Nell’aprile del 1967 il ministro per i Lavori pubblici, Giacomo Mancini si recava in visita ufficiale presso il Comune di Zambrone. Oggi quell’importante evento è ricordato dal primo cittadino di Zambrone, Corrado L’Andolina, come una importante pagina di storia, da cui trarne importanti stimoli e spunti di riflessione. 
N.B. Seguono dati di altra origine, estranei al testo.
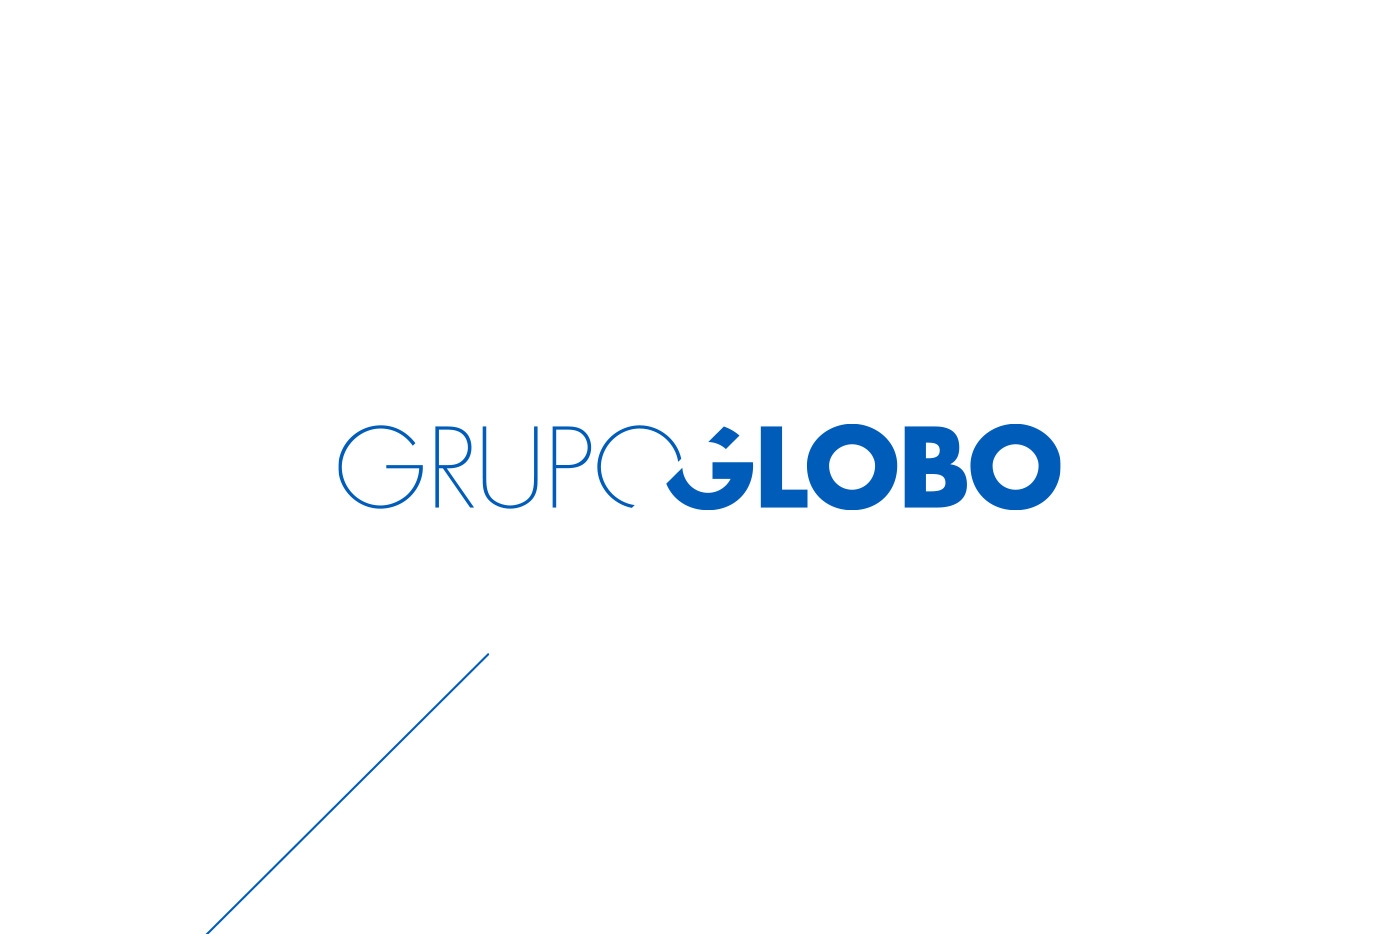 Grupo Globo

«Quella visita rappresentò un vero e proprio spartiacque. Grazie al suo intervento vennero realizzati: alloggi, fogne, strade e potenziata la rete idrica e quella della pubblica illuminazione. Il ministro per i Lavori pubblici, Giacomo Mancini, calabrese, socialista e meridionalista garantì alla comunità quelle risorse che diedero ai centri abitati comunali un nuovo volto e un’immagine protesa alla modernizzazione. Onore e merito a chi organizzò quell’incontro e ad un ministro che venne a visitare un piccolo paese della Calabria per contribuire, con decisione, alla sua crescita e al suo sviluppo. Ancora oggi, quando i protagonisti di quell’incontro rievocano la visita risultano emozionati e orgogliosi allo stesso tempo. L’emozione deriva dall’impietoso incedere del tempo e dal ricordo dei sacrifici che precedettero quella visita. L’orgoglio, dalla forza di essere stati utili al paese e alla comunità. La Zambrone di allora credeva nell’emancipazione, nella sua capacità di riscatto. Una fortissima tensione ideale segnava i protagonisti di quell’epoca. Tensione che fece di quegli interpreti, grandi amministratori e politici raffinati capaci di dare linfa e una prospettiva d’avvenire a una comunità ancorata ad un contesto regionale in ritardo con la storia. Sono pochi i protagonisti di quella stagione ancora in vita. Ma ogni volta che raccontano quell’indimenticabile visita, la narrazione si arricchisce di dettagli, di variegate sfumature, di un nuovo elemento. Al ministro e a chi rese tale incontro possibile non si può che esprimere, a distanza di mezzo secolo, la più sincera e profonda gratitudine. E ciò perché uomini di buona volontà, carichi di valori e senza ricevere nulla in cambio segnarono un momento storico per Zambrone. Una bella pagina di storia che a distanza di cinquanta anni esatti si avverte la necessità di ricordare. Per senso di gratitudine, si ribadisce, ma anche per trarre stimoli e spunti che solo se ancorati alla nostra memoria storica possono concretizzarsi in obiettivi efficaci e fecondi».